TASK TO COMPLETE:
Only the lines running from the line with "XTMYI Velvet Blackout" to the end of the listing below should be copied, exactly, without pictures.

DATA SECTION:
◆ ◆ ◆

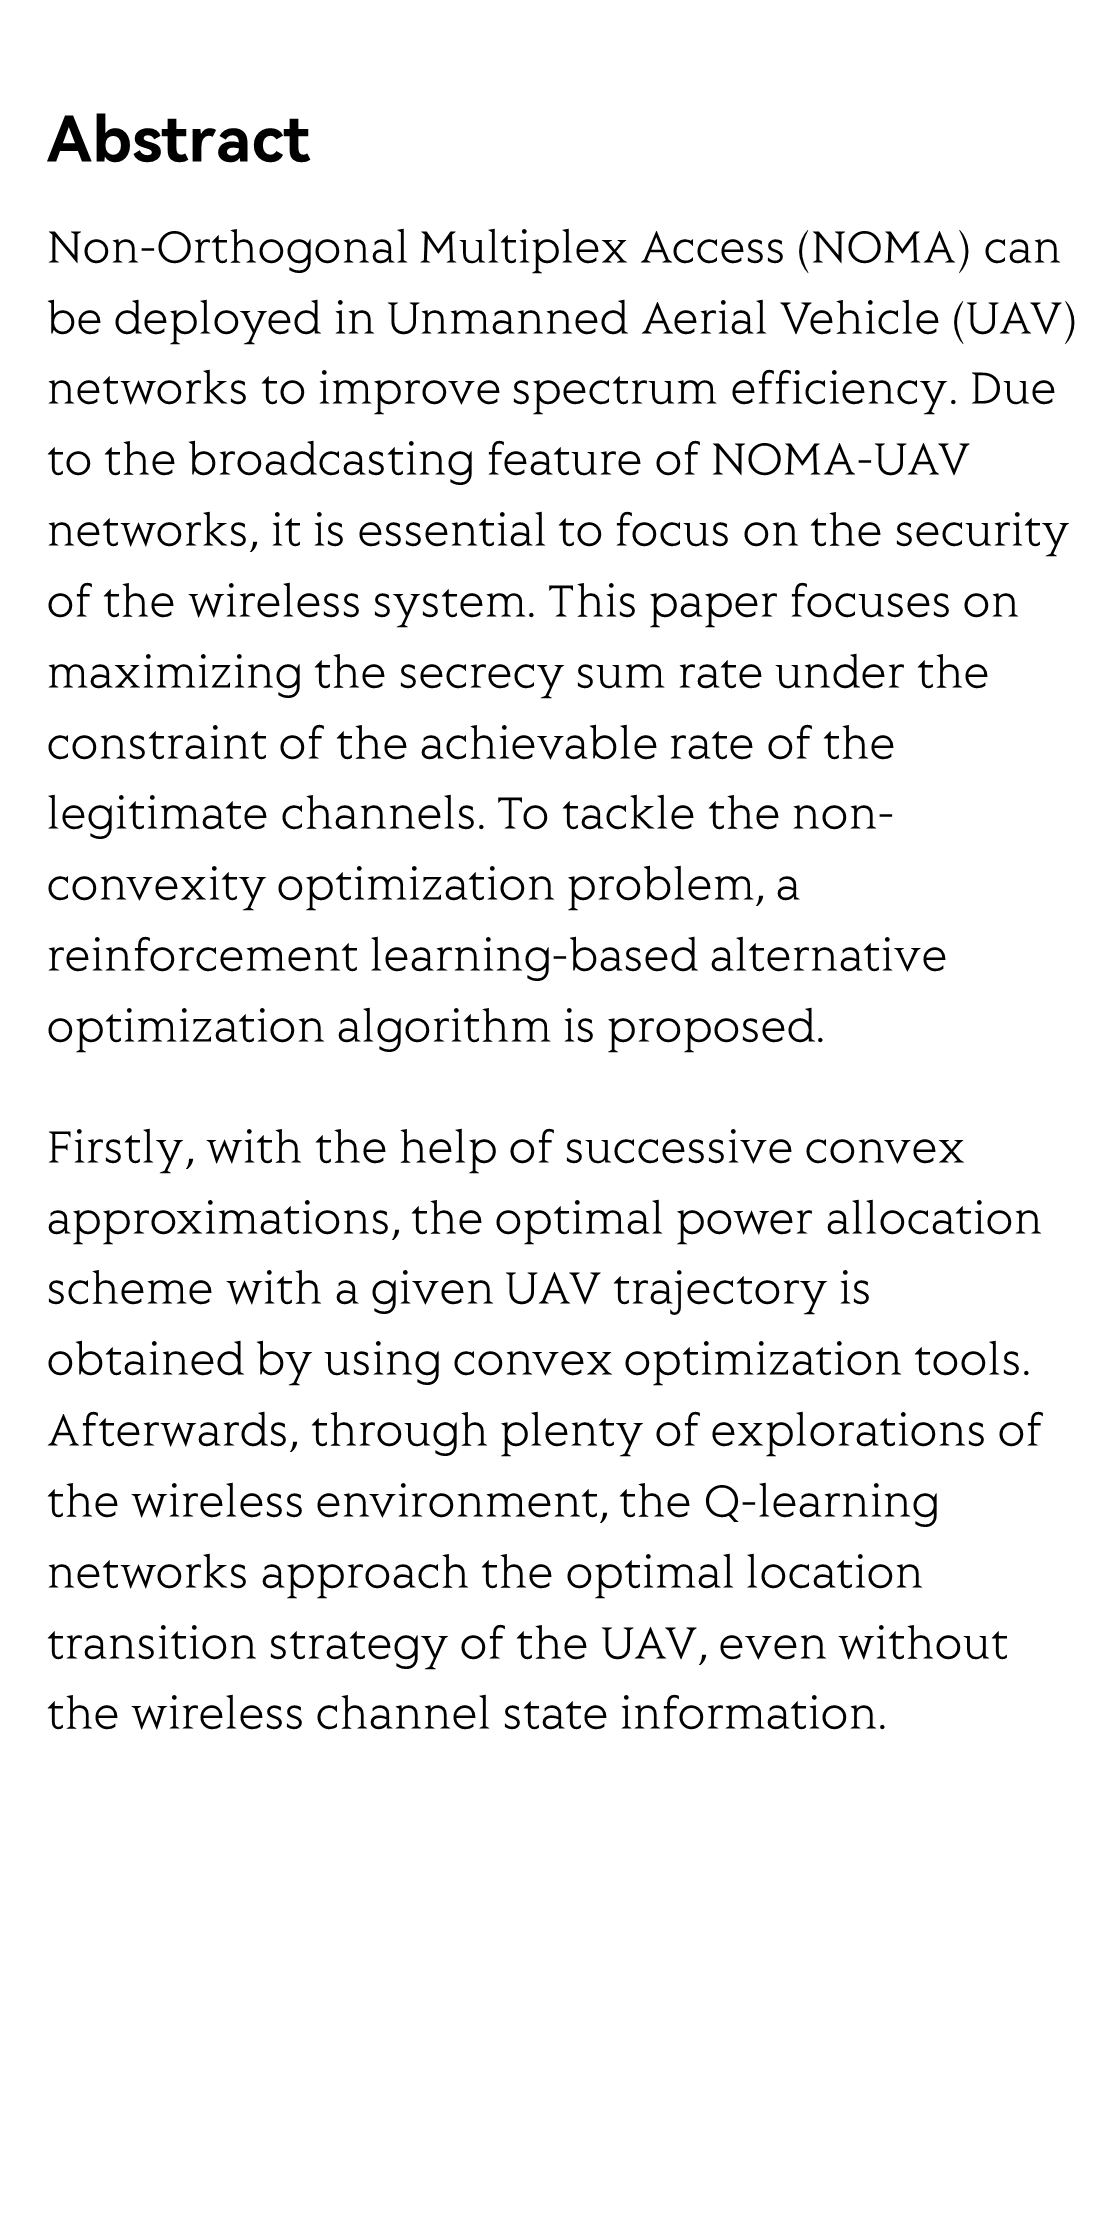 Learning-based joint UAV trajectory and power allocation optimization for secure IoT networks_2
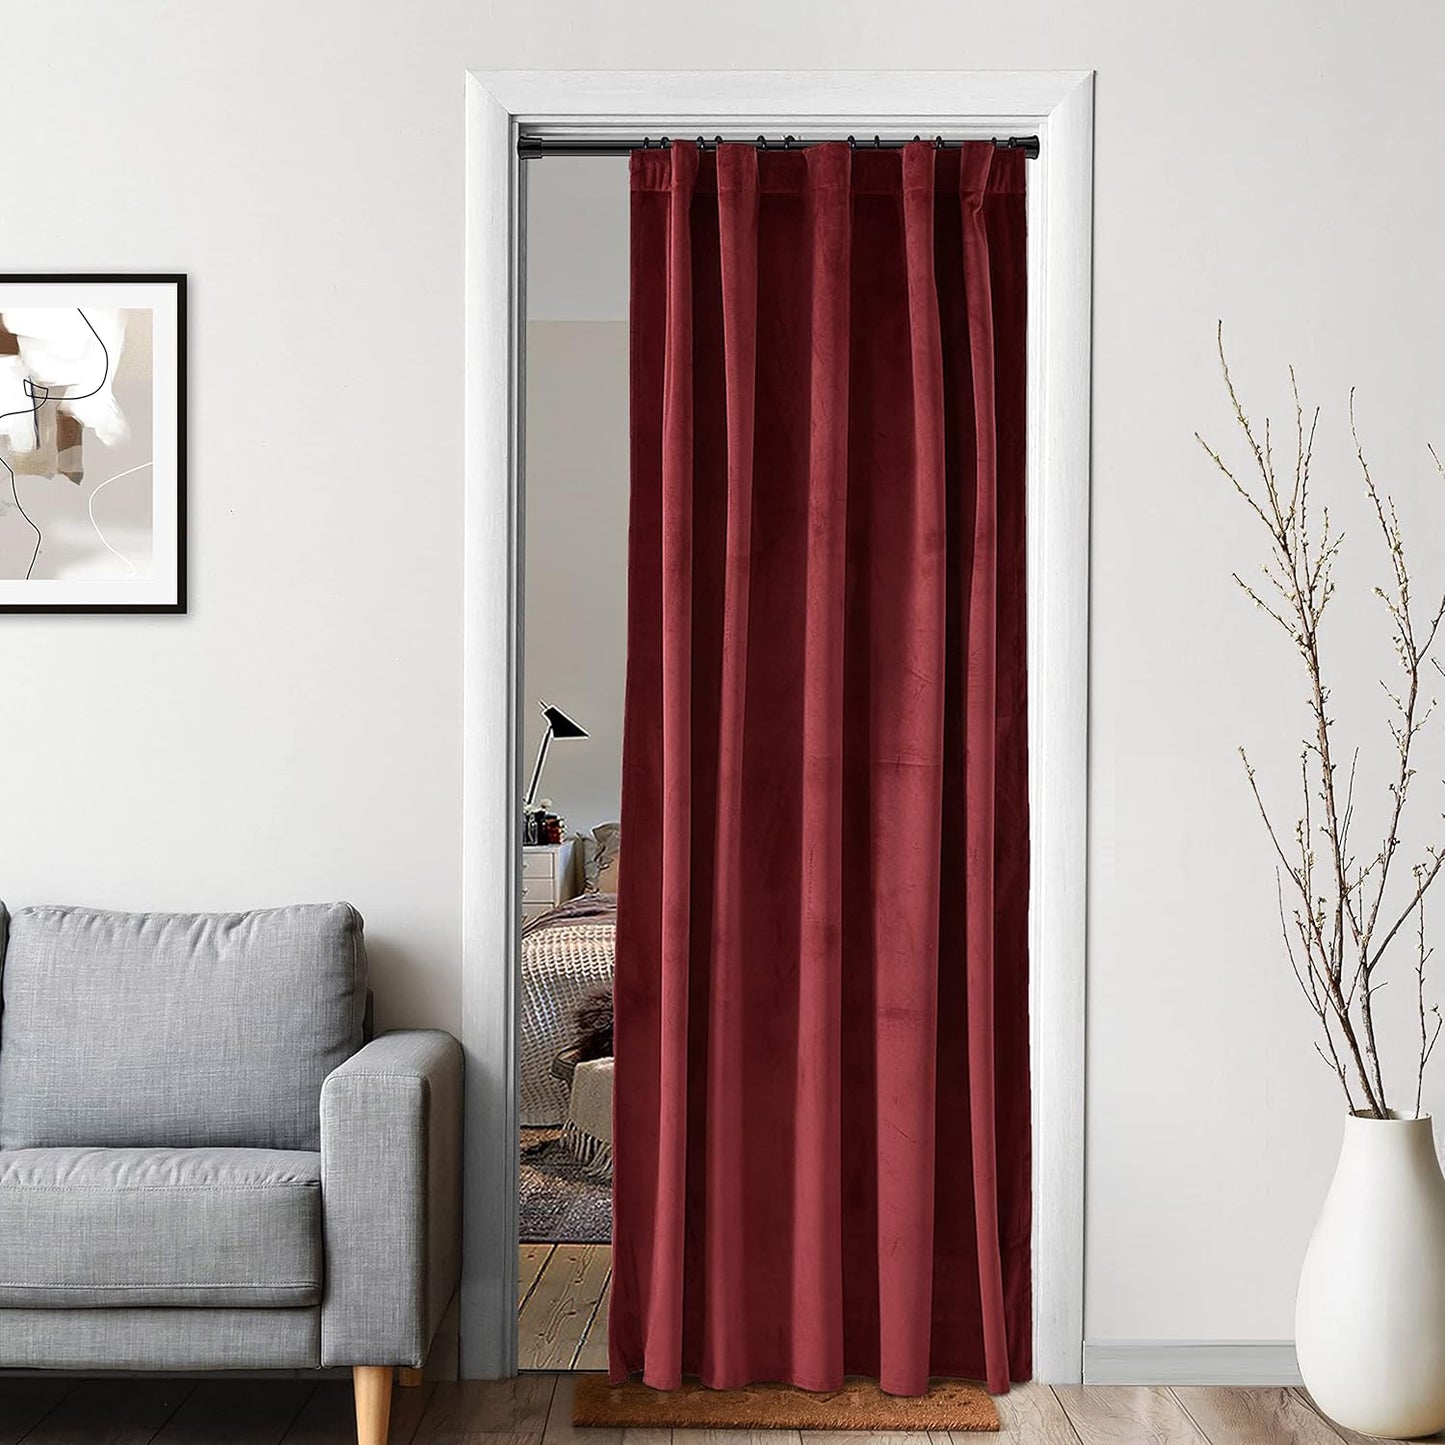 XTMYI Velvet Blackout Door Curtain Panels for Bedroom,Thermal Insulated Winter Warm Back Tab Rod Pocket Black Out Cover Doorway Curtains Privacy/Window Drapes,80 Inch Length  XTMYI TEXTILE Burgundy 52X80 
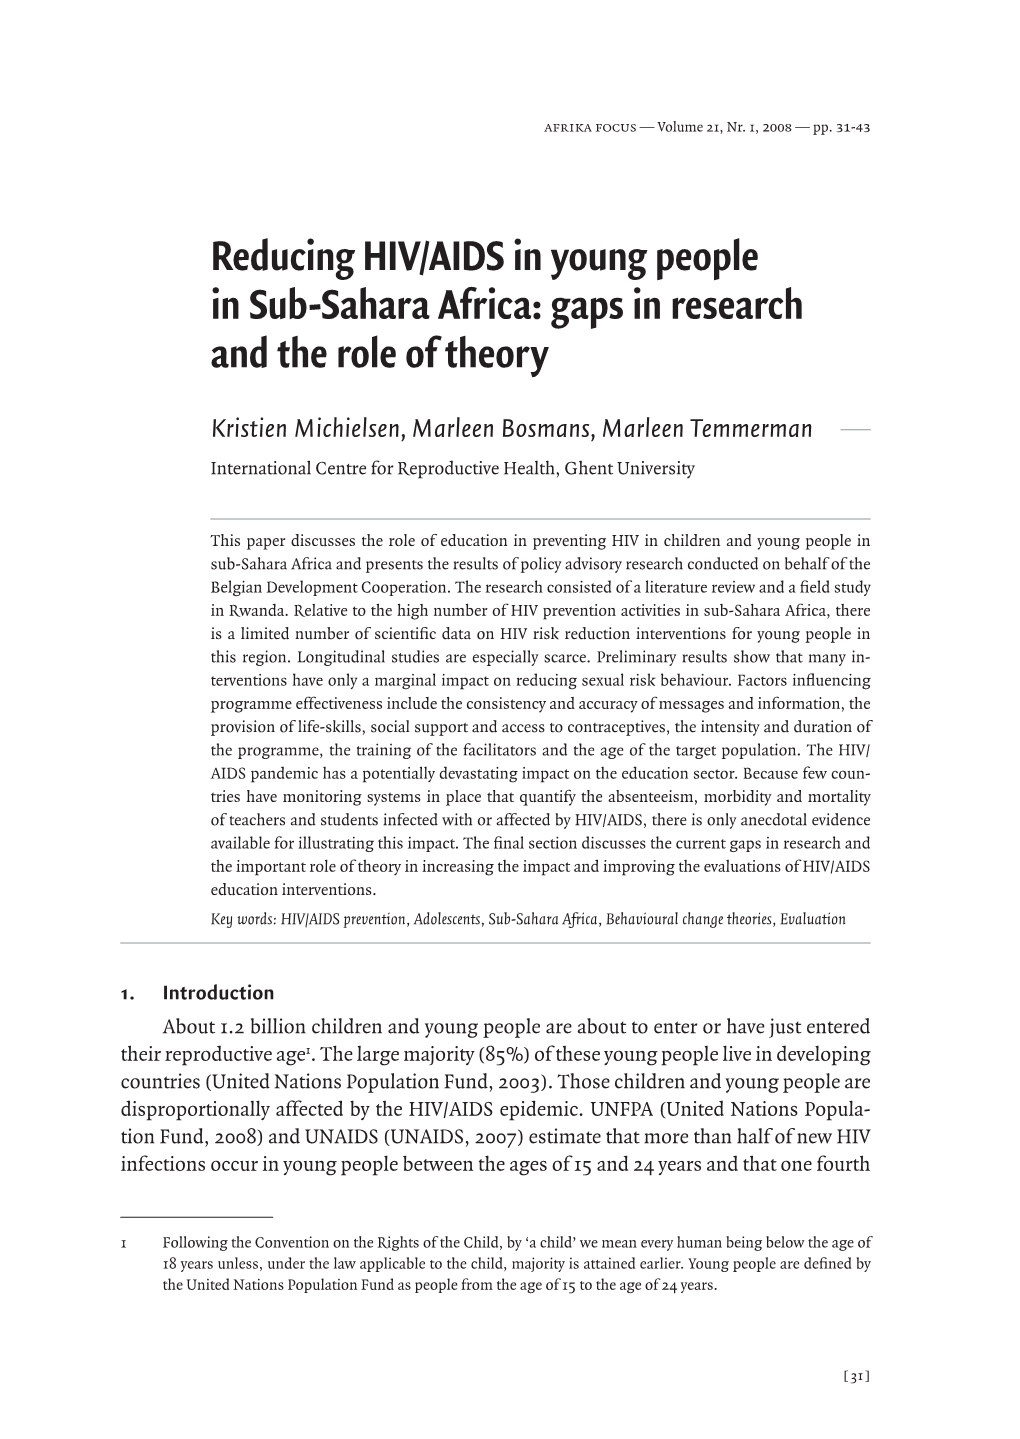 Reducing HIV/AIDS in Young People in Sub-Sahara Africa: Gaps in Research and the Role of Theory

◆ ◆ ◆

RESULT BELOW:
 XTMYI Velvet Blackout Door Curtain Panels for Bedroom,Thermal Insulated Winter Warm Back Tab Rod Pocket Black Out Cover Doorway Curtains Privacy/Window Drapes,80 Inch Length  XTMYI TEXTILE Burgundy 52X80 
 Reducing HIV/AIDS in Young People in Sub-Sahara Africa: Gaps in Research and the Role of Theory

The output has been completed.